**YOUR ASSIGNMENT**
Return exactly the lines below, starting with the one that has "Farmhouse Pedestal Sink Vintage" and going on through the one that has "Women Lady Polyester".

___ RECORDS SUPPLIED ___

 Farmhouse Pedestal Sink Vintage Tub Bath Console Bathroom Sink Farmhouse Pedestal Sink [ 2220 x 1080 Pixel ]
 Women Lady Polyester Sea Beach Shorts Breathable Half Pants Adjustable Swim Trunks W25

___
___ RECORDS SUPPLIED ___

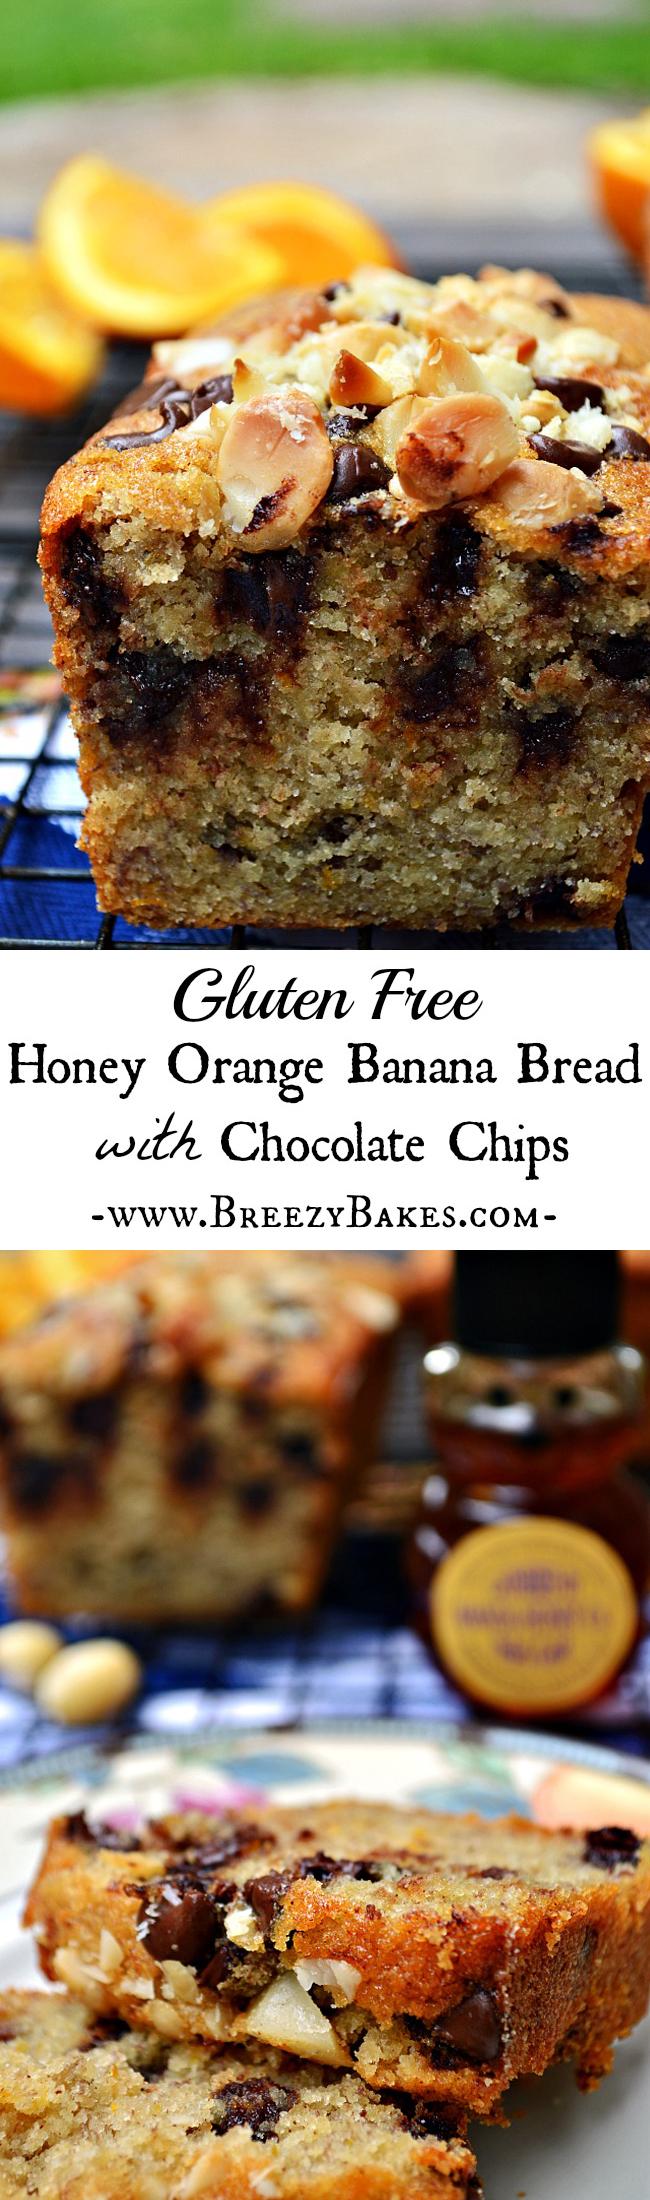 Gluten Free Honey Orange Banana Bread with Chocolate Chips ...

___

**TASK SOLUTION**
 Farmhouse Pedestal Sink Vintage Tub Bath Console Bathroom Sink Farmhouse Pedestal Sink [ 2220 x 1080 Pixel ]
 Women Lady Polyester Sea Beach Shorts Breathable Half Pants Adjustable Swim Trunks W25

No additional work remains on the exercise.